# EXERCISE GOAL
Let the answer be the lines from the one with "Preowned original vintage" to the end of the entries, copied exactly with both boundary lines kept.

◇ ◇ ◇ ◇ ◇

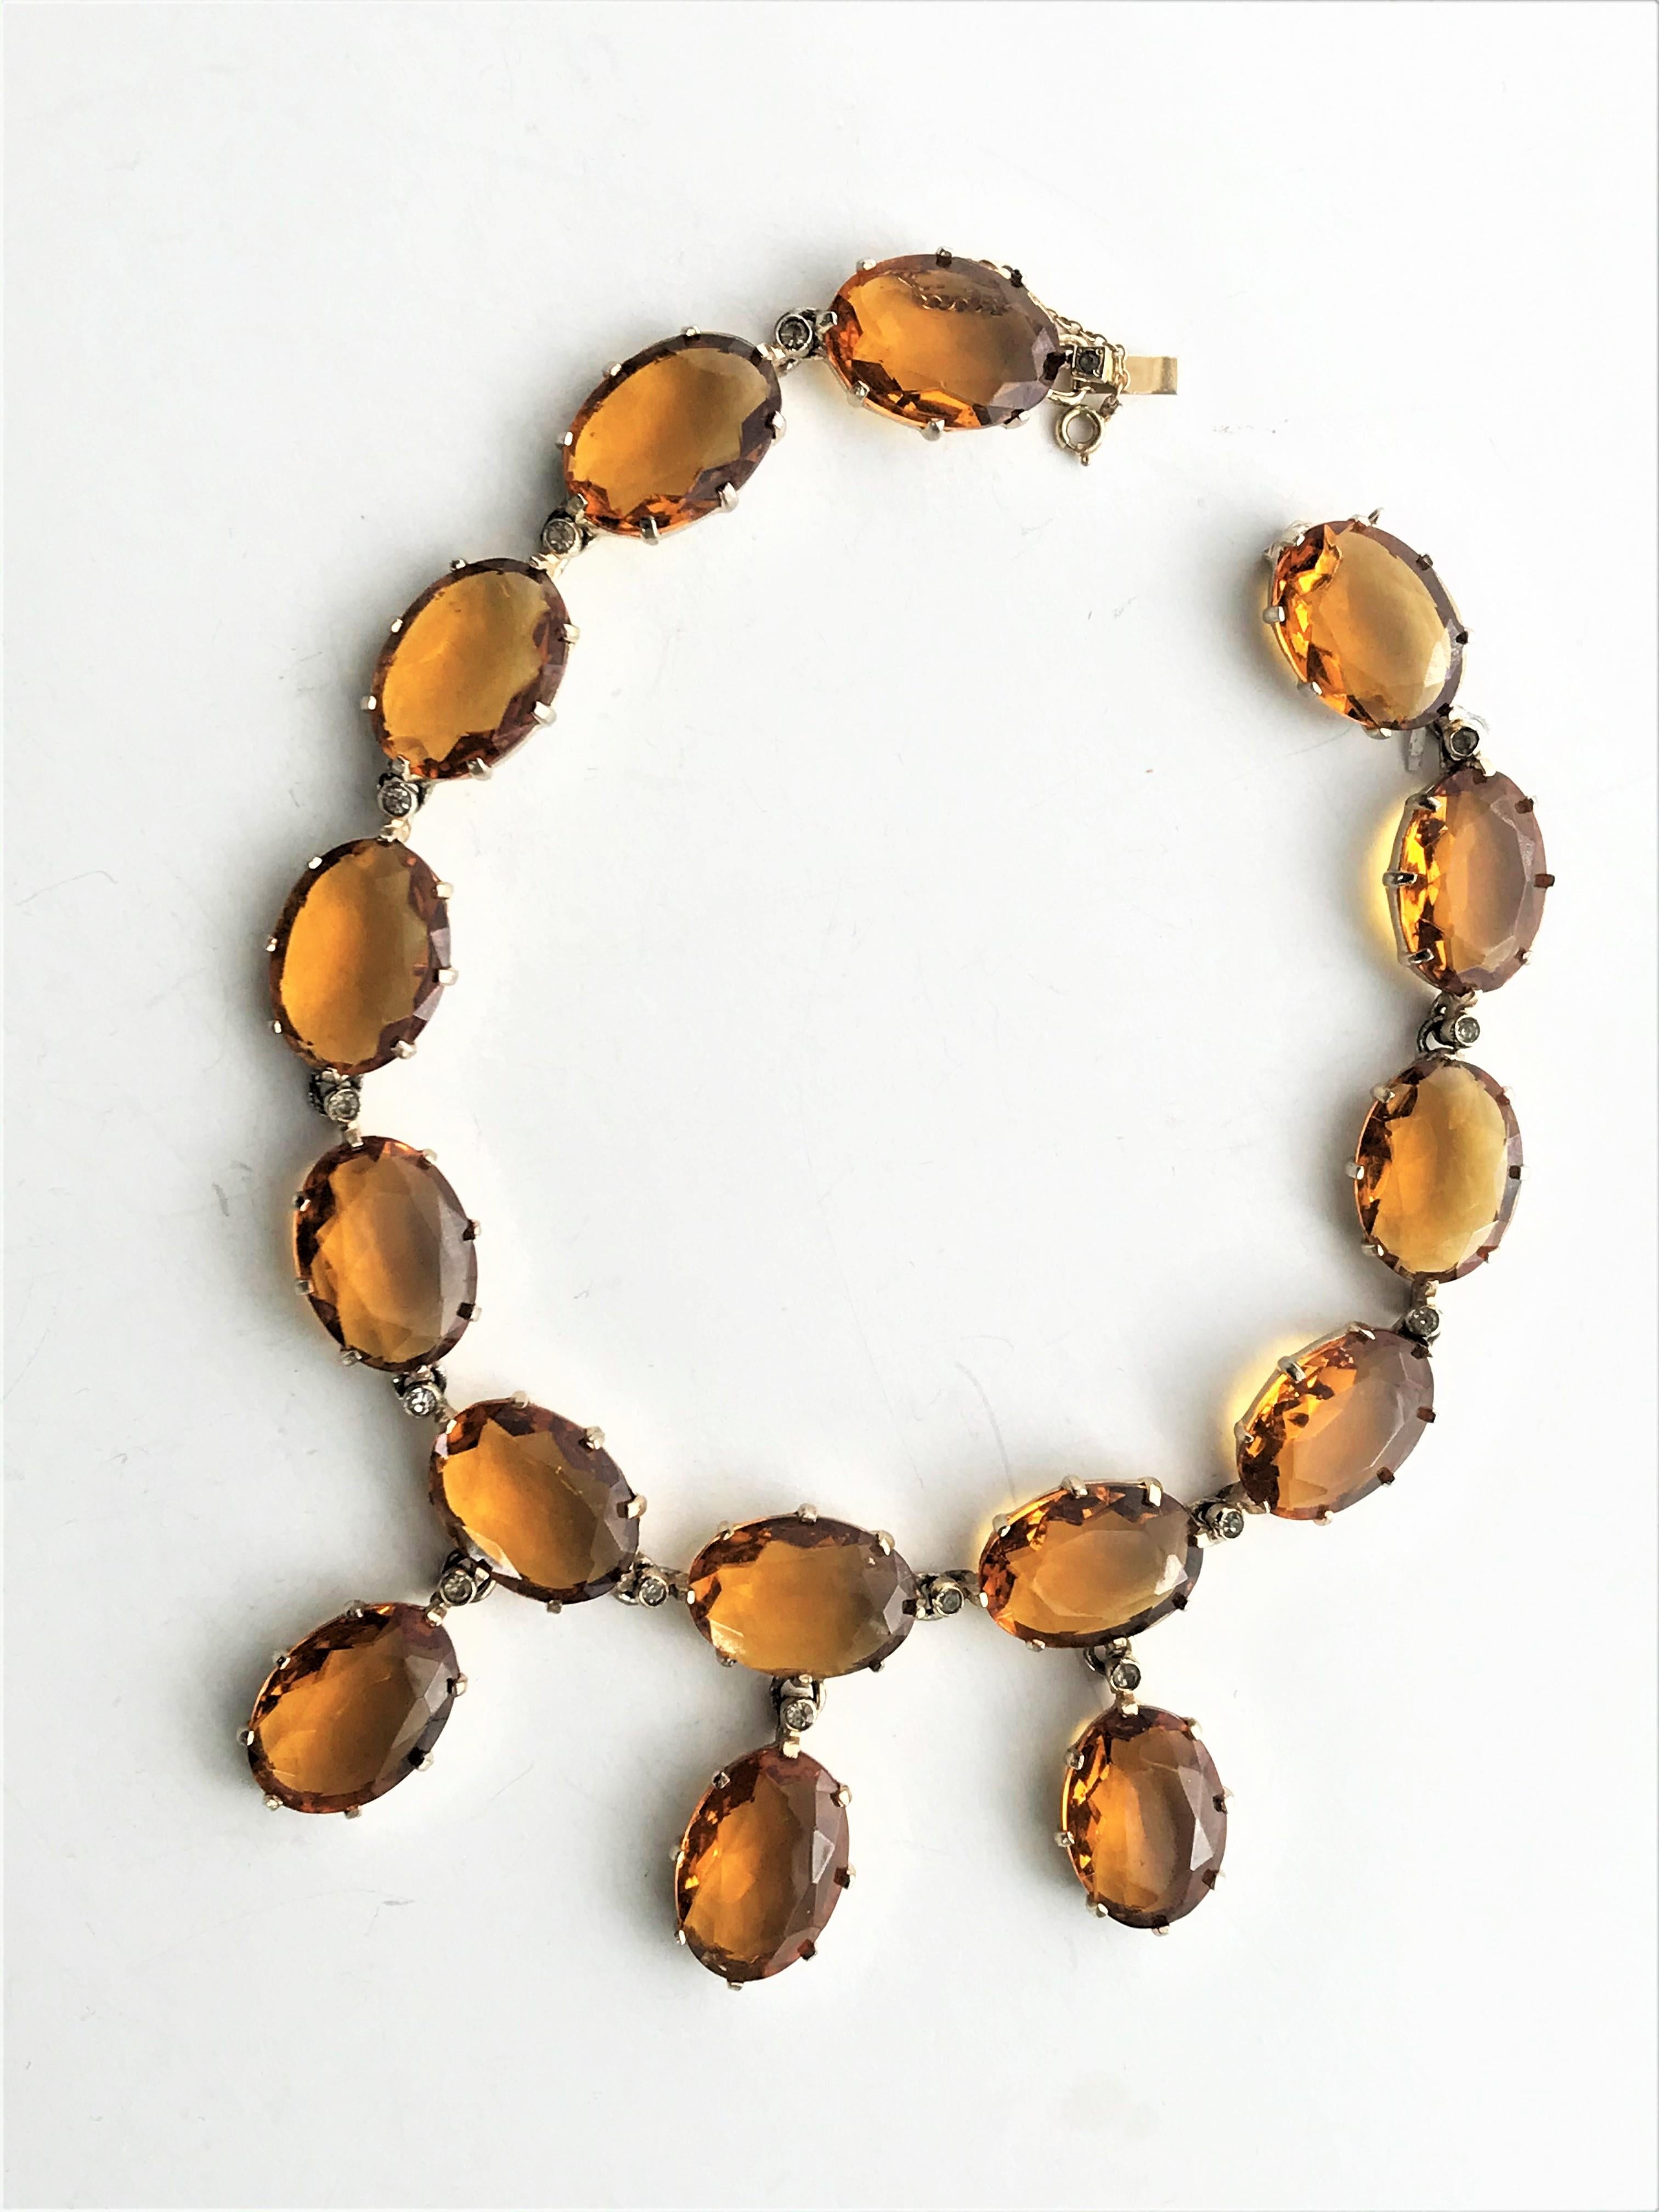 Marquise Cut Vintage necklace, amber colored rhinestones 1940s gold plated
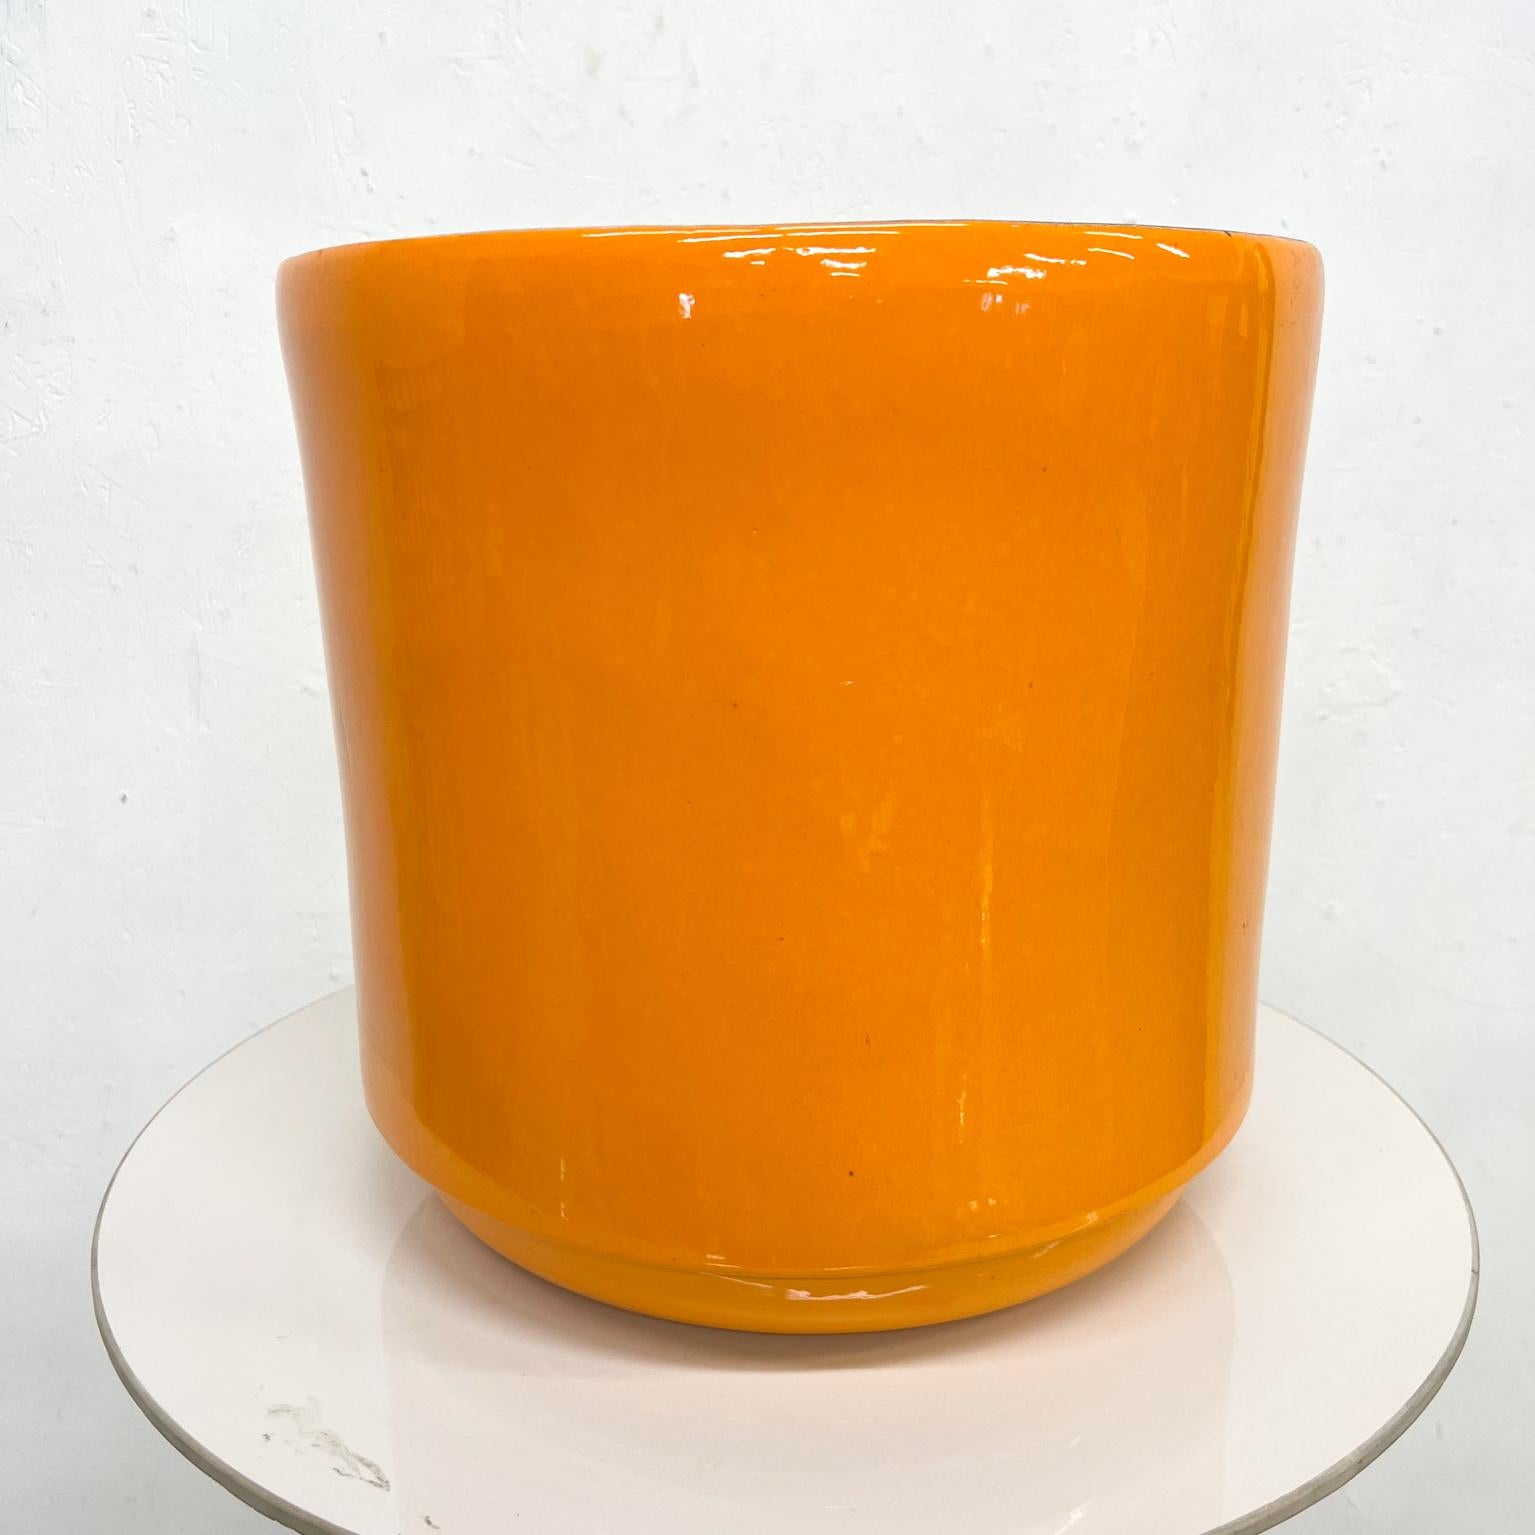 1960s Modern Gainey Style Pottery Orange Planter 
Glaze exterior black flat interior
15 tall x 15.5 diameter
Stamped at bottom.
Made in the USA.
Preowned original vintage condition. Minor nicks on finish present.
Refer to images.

◇ ◇ ◇ ◇ ◇

# RESPONSE TO THE EXERCISE
Preowned original vintage condition. Minor nicks on finish present.
Refer to images.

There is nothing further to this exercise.